There are several issues with referencing approach used in the paper:
In the goal of the paper contribution is highlighted as “…through improved (continuous, quick, covering larger areas) data collection.”. I would suggest that you rephrase this into “…through more extensive data collection.” Since it is hard to argue that method is:
I suggest that these advantages authors address in the discussion and drop from the goal itself since they are not straightforward.
Considering the size of the paper and volume of the work conducted, the goal of the paper is a bit short. I suggest that you expand the goal of the paper to reflect the specific contribution to the field.
Methodology section briefly describes the three locations of Danube River where data was collected, introducing flow rate data, SSC, etc. This data might be useful for someone familiar with the river, which most of the readers won’t be. Please put the presented data in context – e.g. provide complementary duration data, long-term average data, etc. which would allow estimation of conditions under which surveys were performed (low flow, average flow, flood).
Part of the Methodology focusing on the equipment lacks information that would help understand the data quality, in the context of the maintaining the setup distance from the bed. Please expand the current description with the data about the desired height above the bed and what does it depend on (supposably illumination of the FOV). Similarly, you initially state that size-reference wasn’t used in the images (ln253), and after offer contrary statement that laser pointers were used to provide scale (ln294). Probably laser pointers do not offer constant distance due to the bed irregularities, but clarification of the way they were used would be helpful.
In the Section 4.1, explaining the training of Deep Learning authors present example of erroneous particle detection of the user.
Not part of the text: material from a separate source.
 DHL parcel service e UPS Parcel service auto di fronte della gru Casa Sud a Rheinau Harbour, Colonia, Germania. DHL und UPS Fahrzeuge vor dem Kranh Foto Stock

Although this is good and informative example, in my opinion it shouldn’t be presented as “ground truth” and rather included as sidenote explaining that training data needs to be carefully selected since you noticed errors in user judgement (n.b., who was the user – one of the authors or trained personnel?)
On ln 31 “fluvial navigation” -> more appropriate would be “fairway placement”, but the connection is loose so I suggest that you replace it with use more relevant to the grain sire instead.
On ln 31 “riverbed structure” -> unclear, does this represent morphology?
“Riverbed” and “river bed” are used interchangeably throughout the manuscript. Please proofread the manuscript.
Goal (aim) of the paper is combined with Introduction, making it indistinctive. Please separate the aim of the paper into separate paragraph.
Figure 1 is very simple and lacks details (Danube is not highlighted and therefore indistinctive from other rivers in the figure).
Can the background orthophoto data be added on the Figures 2 and 3?
Names of the sections (transects) are very hard to follow since they do not follow any logical order (I suppose they do for the authors, but I suggest that you rename them to achieve clarity for the readers).
“Streamlined weight” -> isokinetic suspended sediment sampler?
Methodology section would benefit from added flow chart (process chart) since video decomposition and enhancement is carried out through several steps.